The Niles Blues were a minor league baseball team based in Niles, Michigan. In 1910, the Blues played their only season as charter members of the short–lived Class D level Indiana-Michigan League, hosting home games at LaPierre Park.

History
Niles, Michigan first hosted minor league baseball play in 1910. The Niles Blues became charter members of the short–lived 1910 Class D level Indiana-Michigan League, which formed as a six–team league. The league played games only on Sunday. The Berrien Springs Grays, Dowagiac, Michigan team, Elkhart Blue Sox, Gary Sand Fleas and Ligonier, Indiana team joined the Niles Blues as charter members in league play.

The Niles' use of the "Blues" moniker corresponded to their navy blue uniforms.

The 1910 Niles Blues were owned and managed by Fred "Bunny" Marshall. In 1910, Marshall also built the Blues' home ballpark, LaPierre Park. Marhsall was the owner of the local New Niles Bottling Works. It was noted that Marshall enjoyed gambling, fun and outsmarting anyone who tried to outwit him. Reportedly, players named Claffy and Connory played for the Blues, George Fink was reported to have played outfield and Lyle Hasfelt played third base for the Blues, while Marshall's son "Bunny Jr." served as the team mascot.

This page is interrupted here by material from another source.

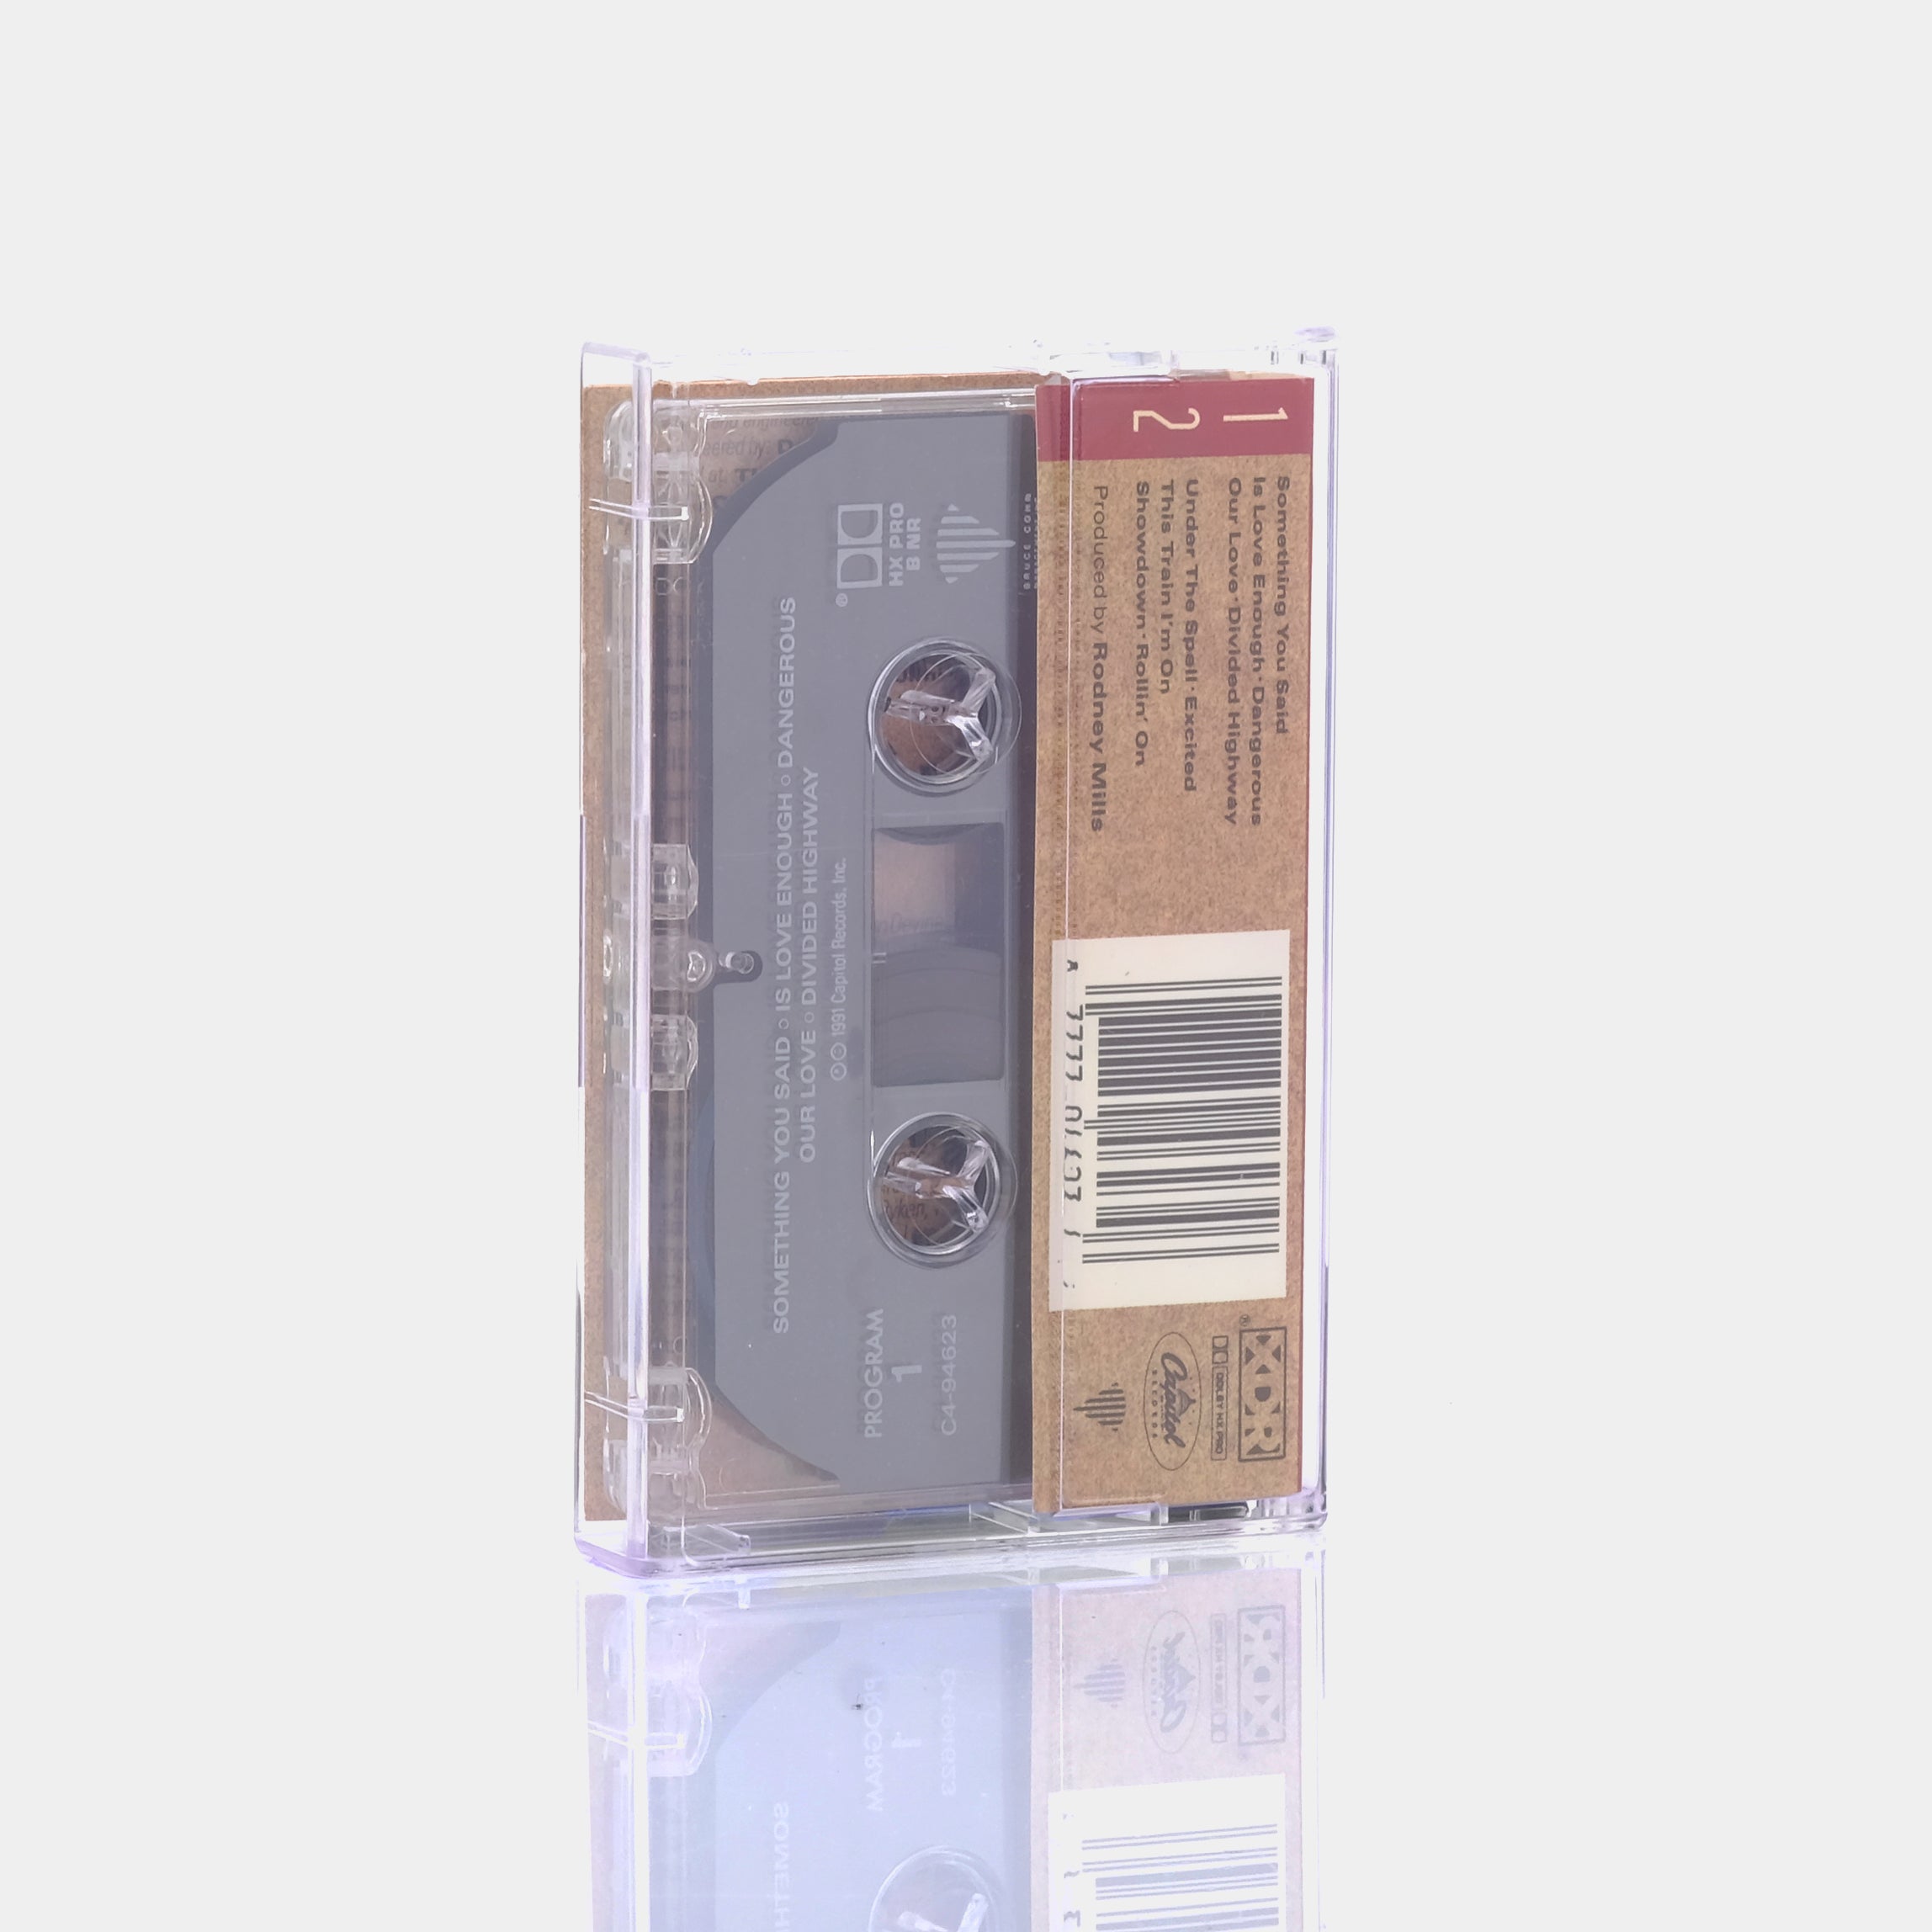 The Doobie Brothers - Brotherhood Cassette Tape

Reportedly, Marshall hired Guy Morton to pitch a game for Niles when the team was without a pitcher. Allegedly, Marshall had Morton sit in the stands, took bets and then put Morton in to pitch, winning the game.

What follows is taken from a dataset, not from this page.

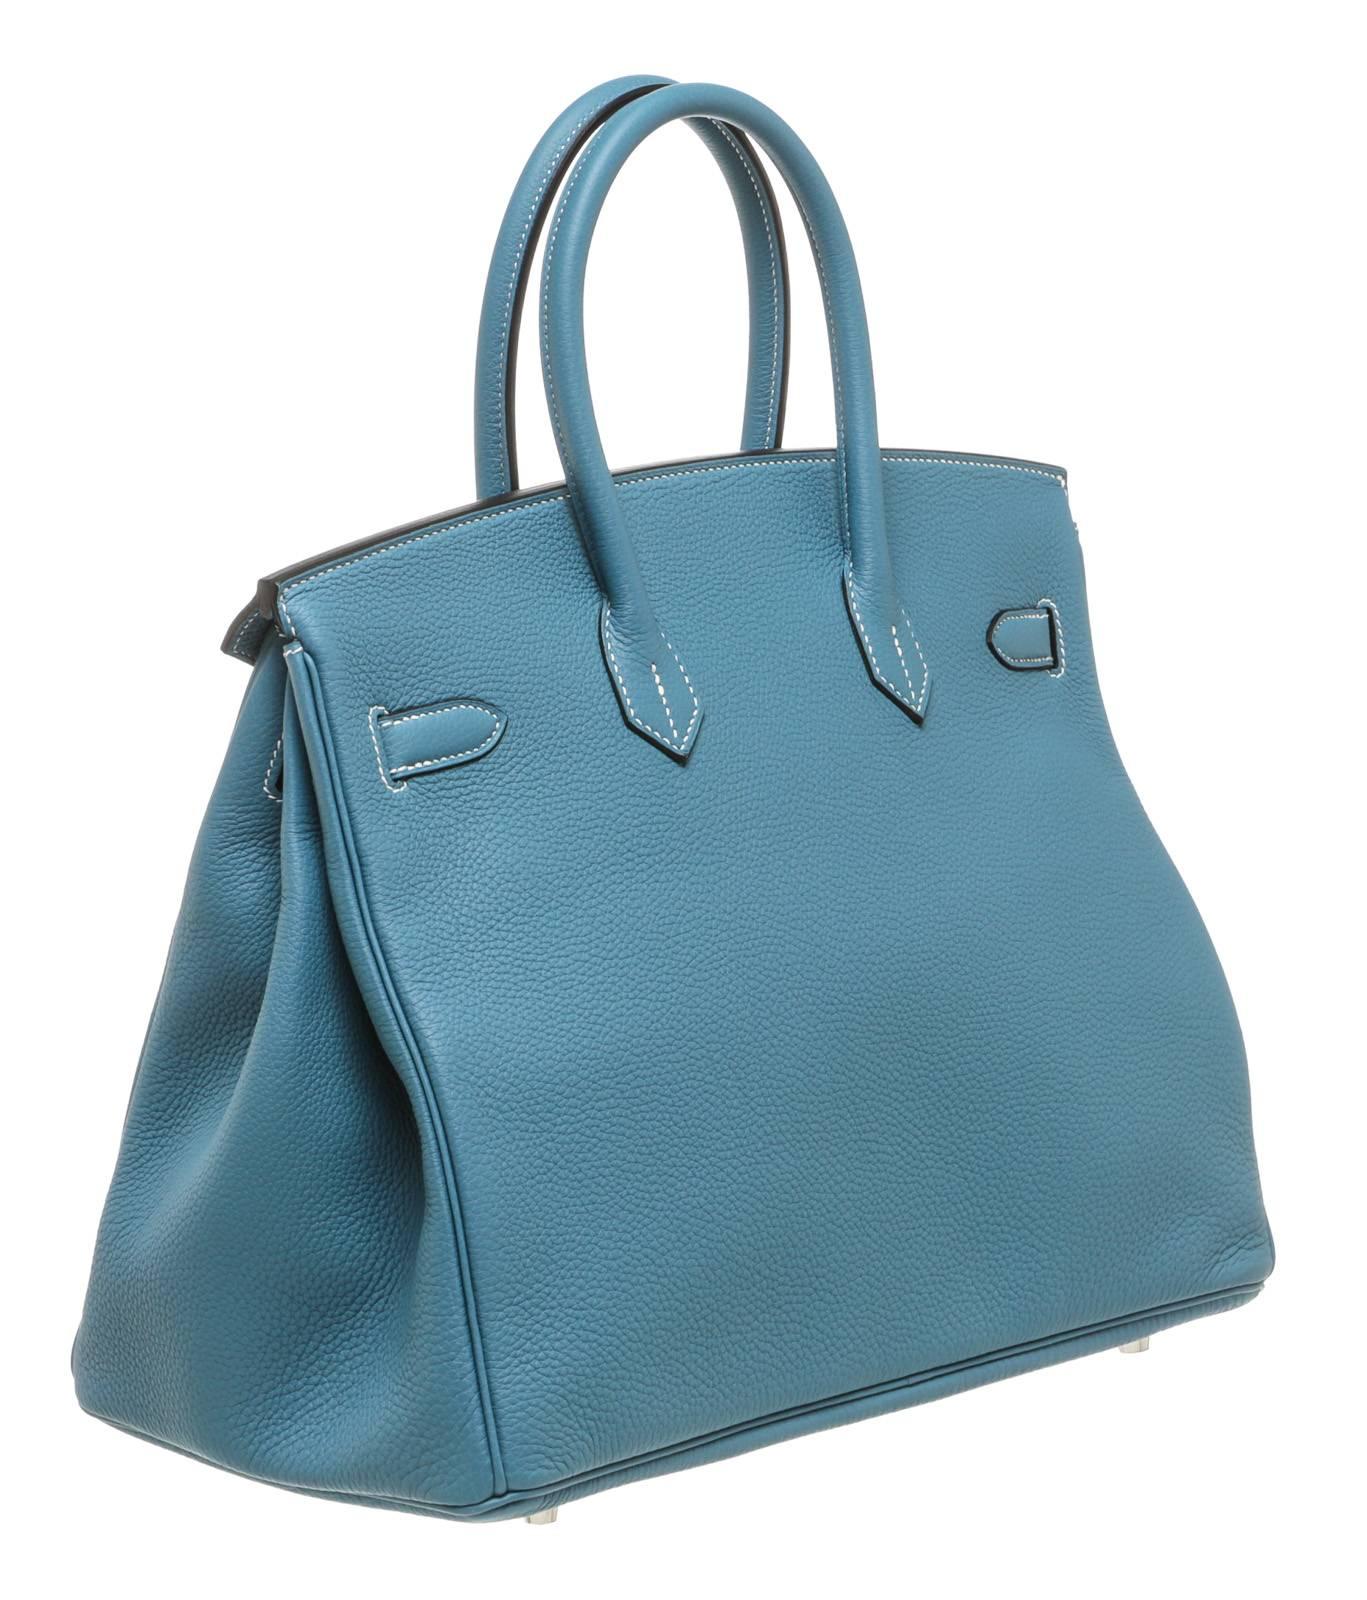 Blue Hermes Bleu Jean Togo Leather Birkin 35cm Handbag SHW For Sale

The 1910 Niles Blues began play on May 8, 1910 and placed 3rd in the Indiana–Michigan League standings in a shortened season. After the Gary franchise folded on June 19, 1910 and Ligonier folded on June 30, 1910, the league continued play as a four–team league. The league then folded on August 21, 1910.

When the Indiana–Michigan League permanently folded on August 21, 1910, the Niles Blues were in 3rd place with a 8–10 record, playing under manager Fred Marhsall. Niles finished 6.5 games behind 1st place Berrien Springs in the final overall standings. The final Indiana–Michigan League overall standings were led by the Berrien Springs Grays (15–4), followed by the Elkhart Blue Sox (10–8), Niles Blues (8–10) and Dowagiac (7–10). The Gary Sand Fleas had a record of 2–5 when they folded and Ligonier had a 2–6 final record in their brief period of play. The Indiana–Michigan League never reformed.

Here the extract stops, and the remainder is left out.